Коварные алмазы Екатерины Великой — страница 48 из 49

Или собирался?

– Ты не понимаешь, – вздохнула Эмма, по-прежнему не глядя на него. – Я нашла тайник. Только он был… пустой.

У Романа словно весь воздух вырвали из легких в одно мгновение!

Пустота в голове… такая пустота!

– Значит, все зря… – пробормотал он наконец.

– Значит, зря, – эхом отозвалась Эмма.

– А тебе не удалось узнать, Илларионов достал камни или их там не было?

– Их там не было. Илларионов сказал, что очень удивился, поняв, что случайно утащил с собой не просто очешник, валявшийся на полу. Наверное, Валерий его нечаянно уронил, когда… – Она не договорила, но Роман понял: «Когда в агонии бился!» – Ну вот, Илларионов понял, что это не просто очешник, а тайник. Но еще больше удивился тому, что он пустой!

– А ты ему веришь? – спросил Роман.

Эмма пожала плечами.

– Почему бы и нет?

– Ты ему веришь?!

– Почему бы нет? – воскликнула она. – Ты не можешь себе представить, как он живет! То, что для нас – безумные деньги, для него капля в море. Он очень богат, ну очень! Эти двести или там триста тысяч долларов, на которые мы молимся, из-за которых столько кругов накружили, для него – практически копейки. Стоимость его эксклюзивной машины, понимаешь? Одной покупки в антикварном салоне на Лонгшамп! Он бы ни за что не удержался и сказал мне, если бы нашел камни.

– Ага, – пробормотал Роман. – Значит, сказал бы? То есть ты вошла к нему в полное доверие! И каким же образом?

Эмма вскинула холодные глаза:

– Таким же, каким ты входил в полное доверие у Фанни и Катрин. Другого способа, знаешь, еще не придумано.

– Я это делал потому, что так приказала ты! – выкрикнул Роман оскорбленно.

– Но ты и не подумал отказываться, верно? – мягко спросила Эмма. – Ты, как оловянный солдатик, исполнил приказ… и получил от этого массу удовольствия, так? Ну получил ведь, да? Ты хотел их, этих баб. Хотел… Это женщина может в постели притвориться, даже оргазм сымитировать. А мужчина должен в самом деле хотеть, чтобы у него хоть что-то получилось.

Роман молчал. Его трясло так, что хотелось прислониться к стене. Но он заставлял себя стоять прямо, чуть не по стойке смирно, будто он и в самом деле был оловянный солдатик.

– Прости меня, – сказала Эмма. – Помнишь, мы твердили, как молитву: то, что мы делаем, мы делаем ради нас. Но на самом-то деле мы все это делали ради бриллиантов! Ради богатства! Мы свою любовь сдали в банк под баснословные проценты, а банк… лопнул. И ничего не осталось.

«Осталось! – хотел выкрикнуть Роман. – Осталось! Я люблю тебя!»

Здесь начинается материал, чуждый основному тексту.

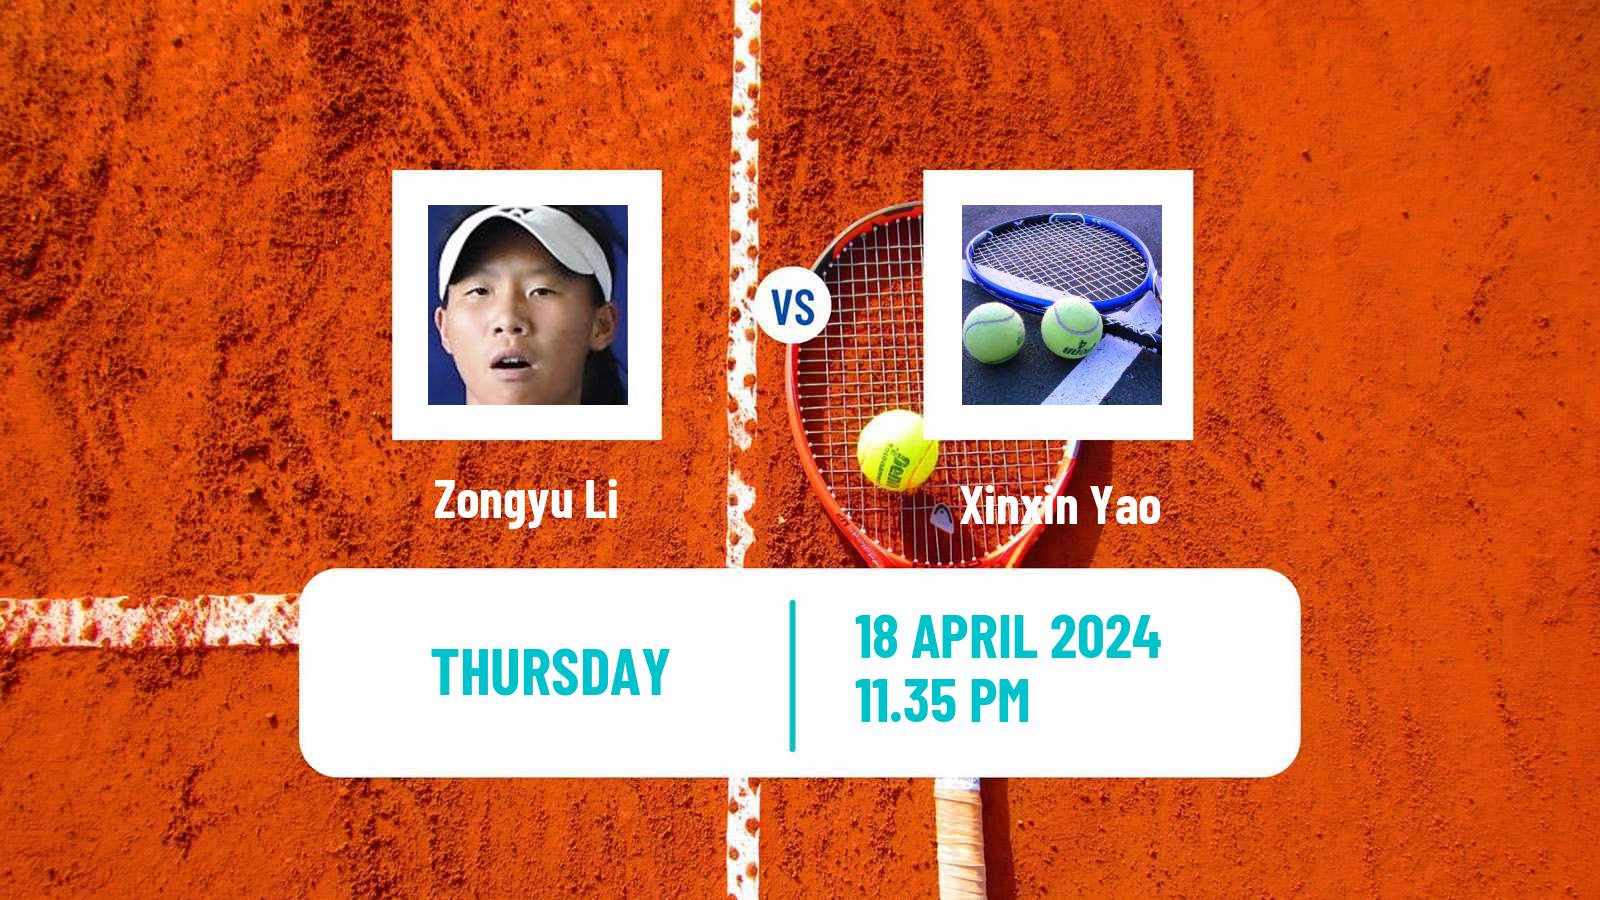 Tennis ITF W50 Shenzhen 2 Women Zongyu Li - Xinxin Yao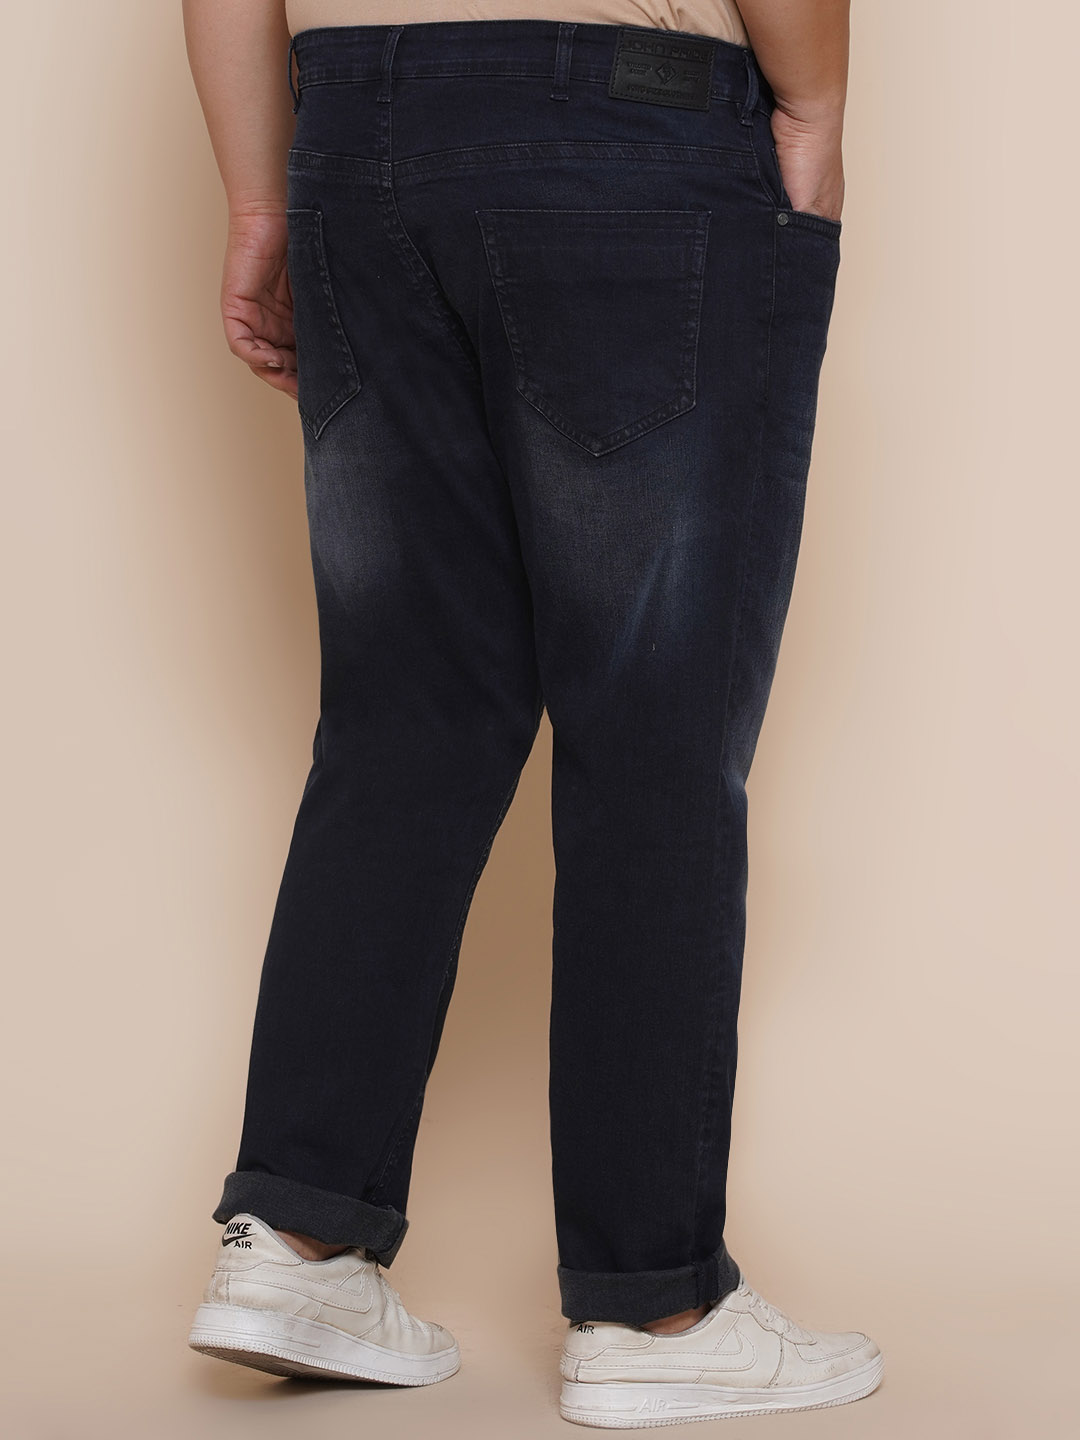 bottomwear/jeans/JPJ12283/jpj12283-5.jpg

Хотел выкрикнуть, но почему-то не мог.

– Вот видишь, ты молчишь, ты все понимаешь… – пробормотала Эмма. – У меня к тебе одна просьба: уходи отсюда. Хорошо?

Он не поверил ушам:

– Как это? Куда? А ты?

– Ты можешь уйти к Фанни, она тебя примет, счастлива будет. С ней ты не пропадешь. А я…

Она осторожно взяла вялую кисть валявшегося на полу Армана, нашарила ею пистолет и сложила безвольные пальцы так, что они обхватили курок. Подняла его руку и приставила ствол к своему виску, продолжая придерживать и пальцы, и курок.

– Эмма! – вскрикнул Роман – и умолк.

– Я тебя изувечила. Изуродовала, – сказала она. – Из-за этих камней столько грязи, крови, спермы! Да, именно этак. И этого запаха я не могу выносить, ты понимаешь? Я хотела дать тебе все самое лучшее, хотела… – Она задохнулась. – И теперь даже никакой награды не получить за нашу общую проституцию. Зачем я тебе без камней, без надежды на будущее? Зачем?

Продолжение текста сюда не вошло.